DATASET CONTENT »
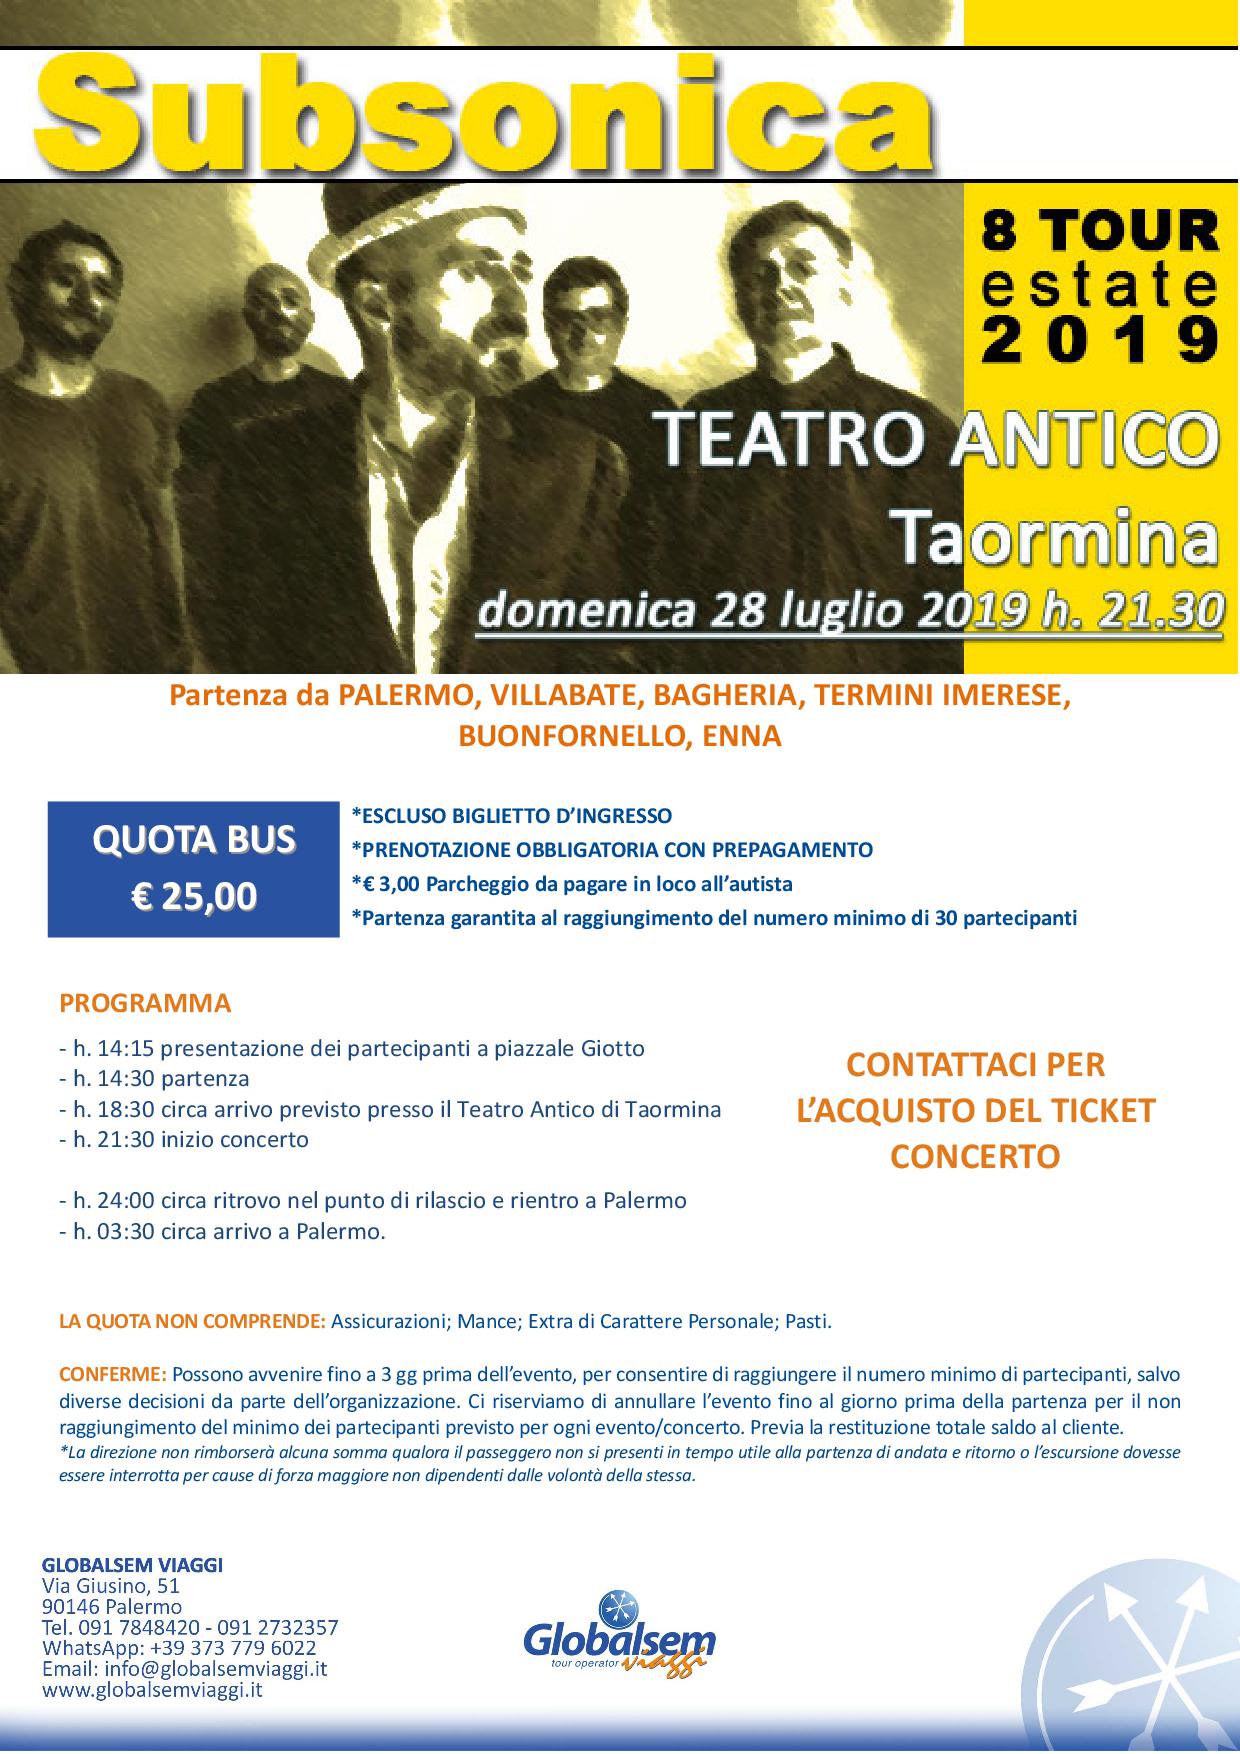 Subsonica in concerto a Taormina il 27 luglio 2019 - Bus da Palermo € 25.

...

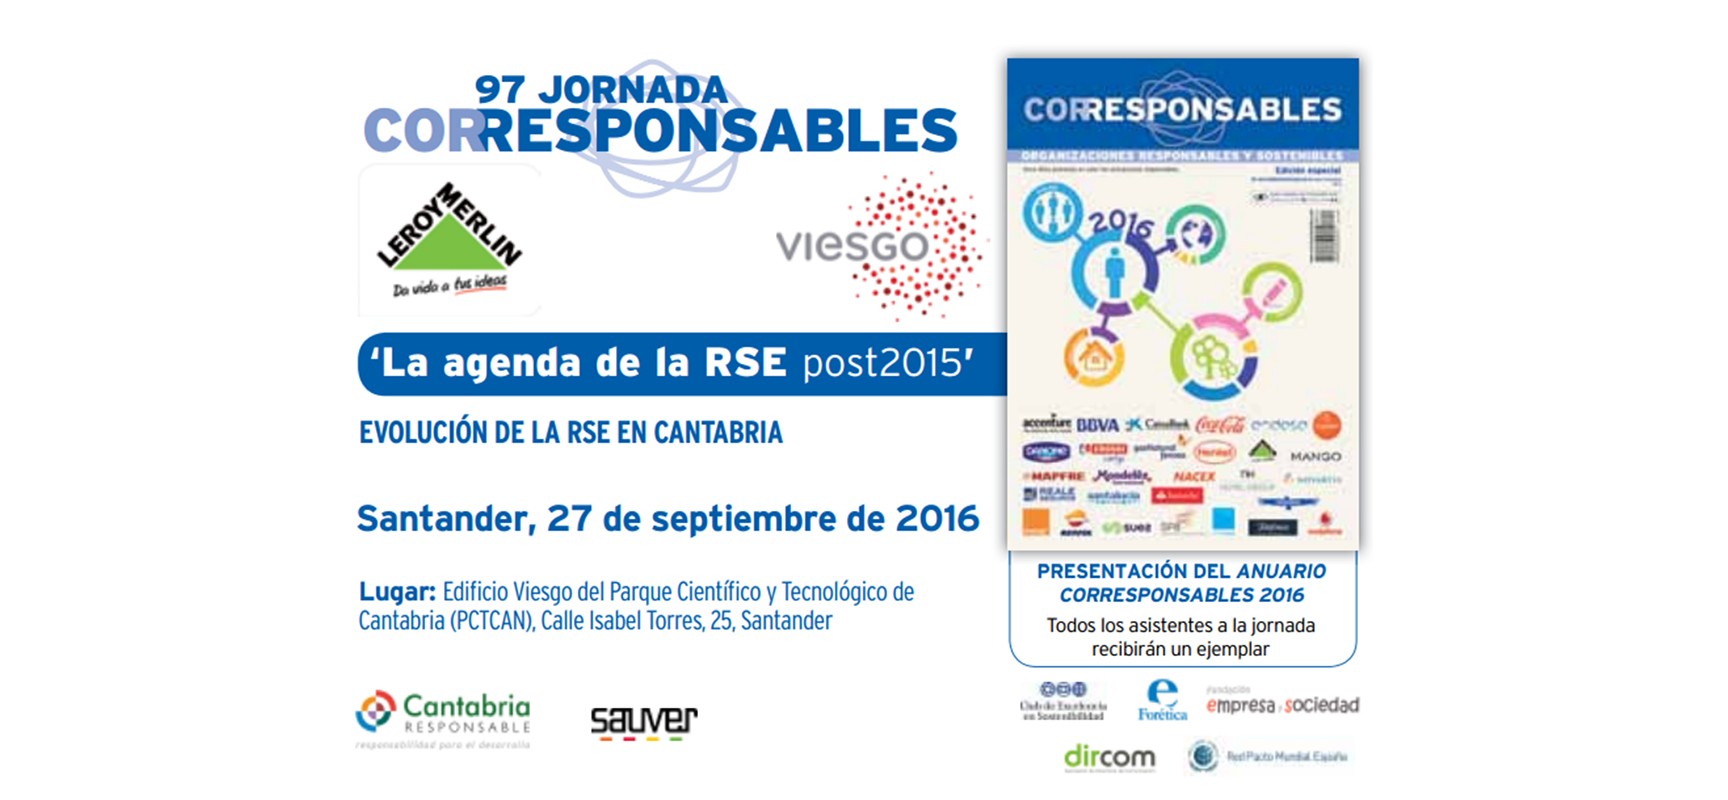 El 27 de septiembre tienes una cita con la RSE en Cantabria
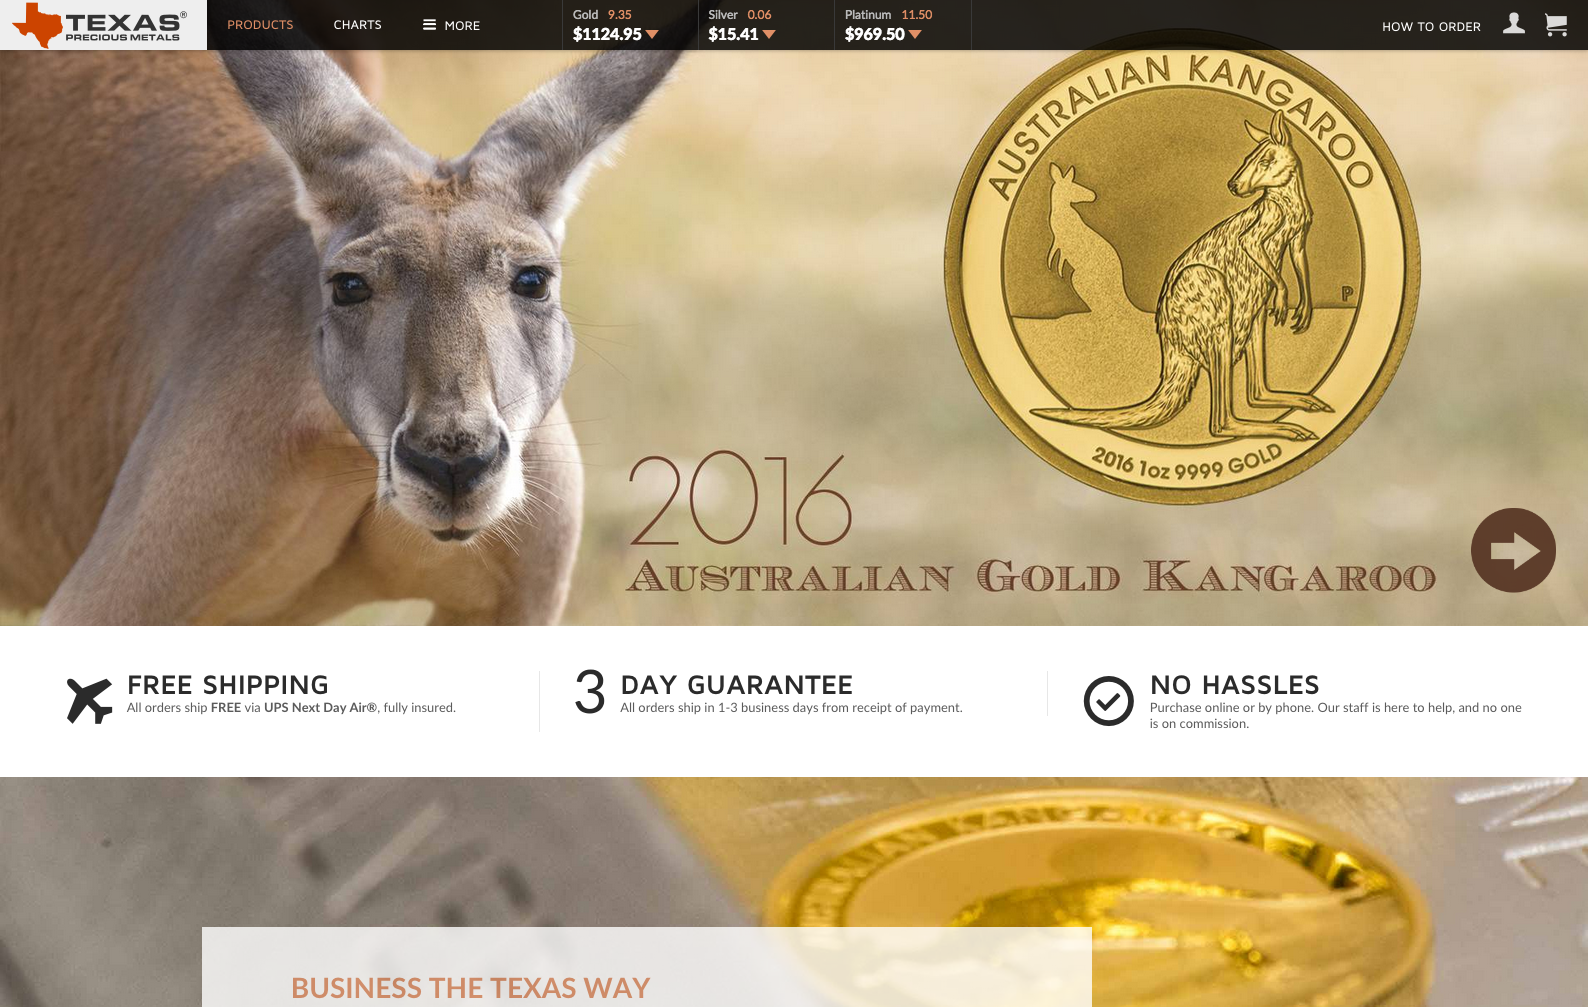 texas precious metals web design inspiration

WHAT THE EXERCISE ASKS » Exact repeat of the material above: every line from the one with "El 27 de septiembre" through the one with "texas precious metals web design inspiration", endpoints included, and nothing more. No pictures.

ANSWER SECTION »
 El 27 de septiembre tienes una cita con la RSE en Cantabria
 texas precious metals web design inspiration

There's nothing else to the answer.